A impressão que fica é que Maurren foi pressionada a anunciar logo algo que ela já havia definido faz tempo. Em novembro do ano passado, foi apresentada como comentarista da Olimpíada e não respondeu à pergunta: ‘Ué, como assinou contrato para ser comentarista e atleta na mesma Olimpíada?’

Afinal, em fevereiro do ano passado, Maurren fez uma vaquinha virtual (crownfounding) para tentar arrecadar R$ 100 mil para treinar por apenas 100 dias, somando apenas R$ 44 mil. Na época, argumentava que é campeã olímpica e não recebe patrocínio.

Sem apoio, Maurren já deveria ter entendido, àquela época, que sua época esportiva havia passada.
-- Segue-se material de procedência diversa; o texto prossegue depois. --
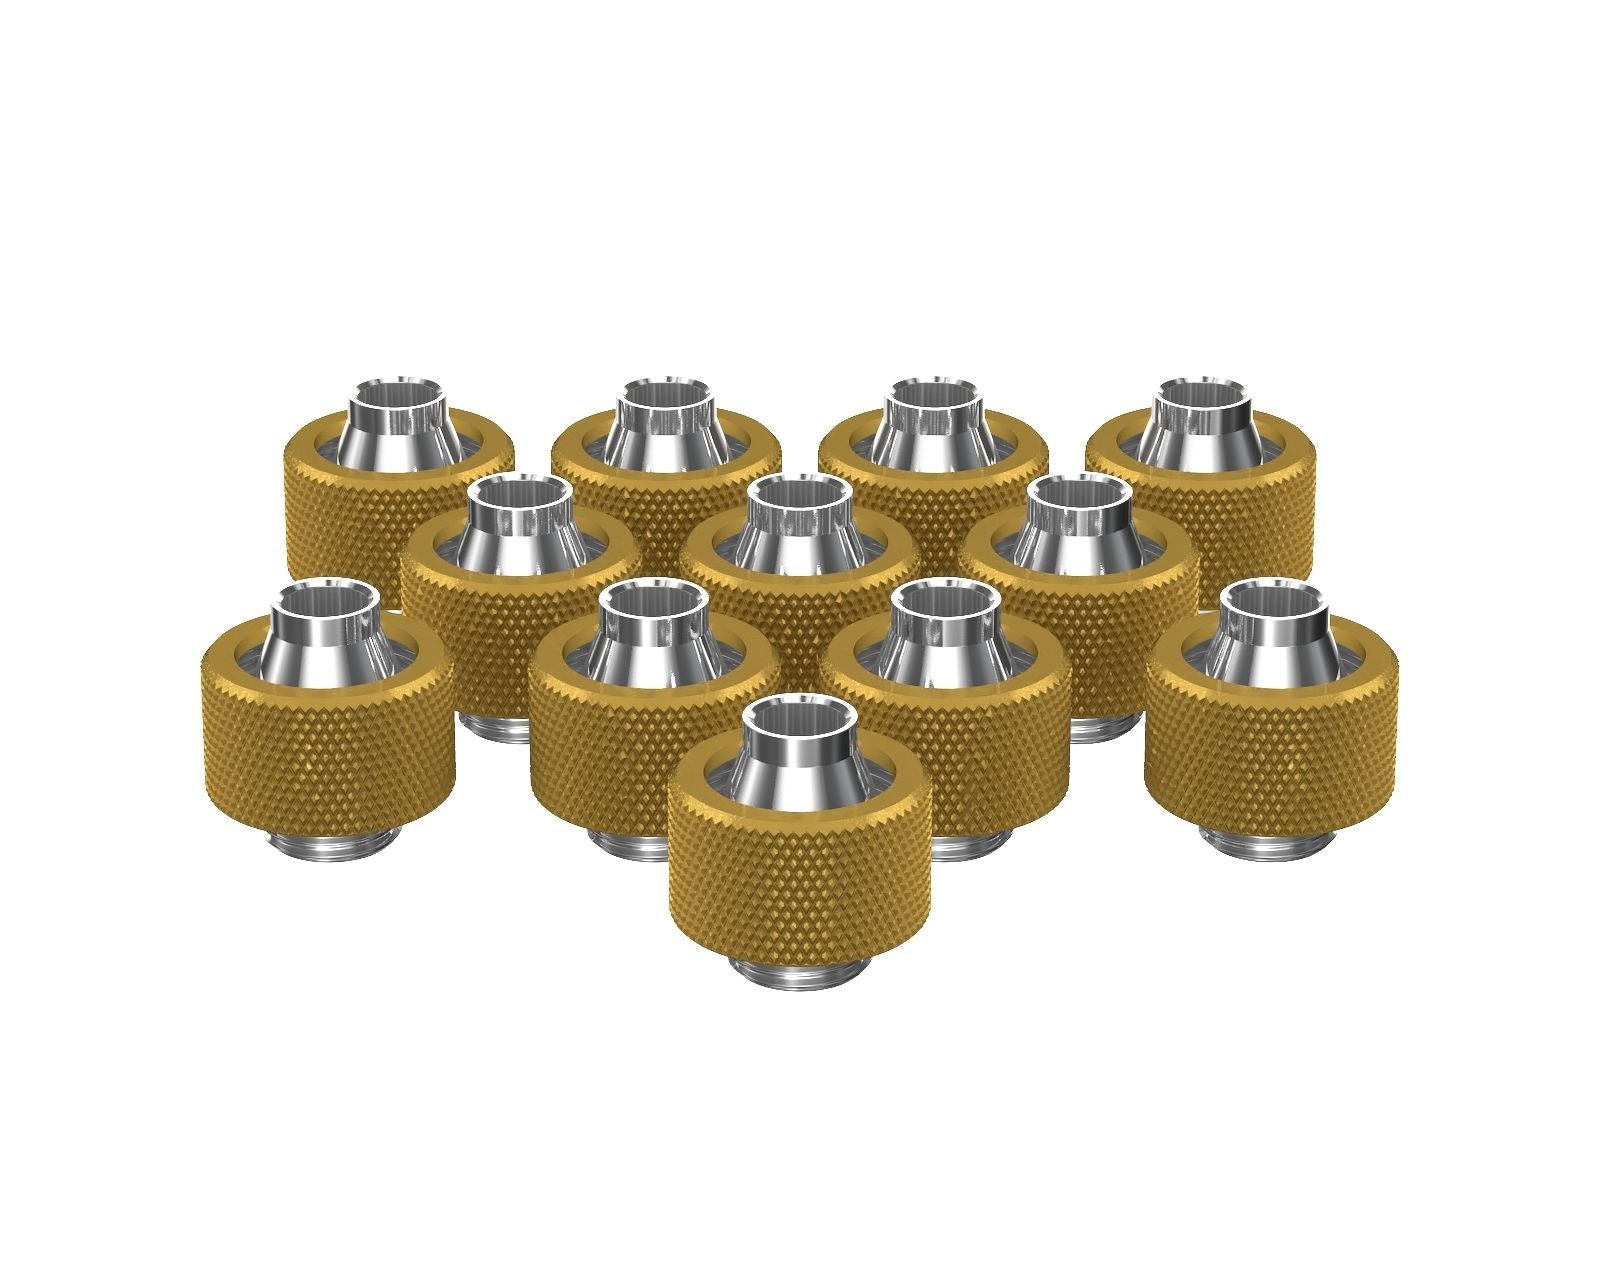 PrimoChill SecureFit SX - Premium Compression Fitting For 7/16in ID x 5/8in OD Flexible Tubing 12 Pack (F-SFSX758-12) - Available in 20+ Colors, Custom Watercooling Loop Ready - Gold

Nascida em 1976, fez um ano de 2013 muito ruim, aos 37 anos. Na prova em que foi campeã olímpica (salto em distância), foi só a quinta colocada do ranking brasileiro, expressivamente atrás de Jéssica Carolina dos Reis, então com 20 anos. O momento era de renovação.

Apesar de ter arrecadado R$ 44 mil para treinar, Maurren não competiu nenhuma vez na temporada passada, pelo que mostra o ranking da CBAt.  Em novembro, quando anunciou que comentaria a Olimpíada pela Globo, indicou que havia parado.

Este ano, entretanto, voltou às competições vencendo um torneio da Federação Paulista, resultado que a deixa em terceiro do ranking brasileiro do ano.

Dias depois, anunciou acordo com o São Paulo, para voltar a defender as cores do clube paulista, sem receber nada. Procurava patrocinadores. A sensação que fica, é que a Globo deu um ultimato. ‘Como patrocinador se você não vai à Olimpíada?’

Maurren se despede como a maior atleta mulher do atletismo brasileiro. Tem o recorde sul-americano dos 100m com barreira (12s71) e do salto em distância (7,26m), além da segunda marca da história do País no salto triplo (14,53, apenas quatro centímetros abaixo do recorde nacional).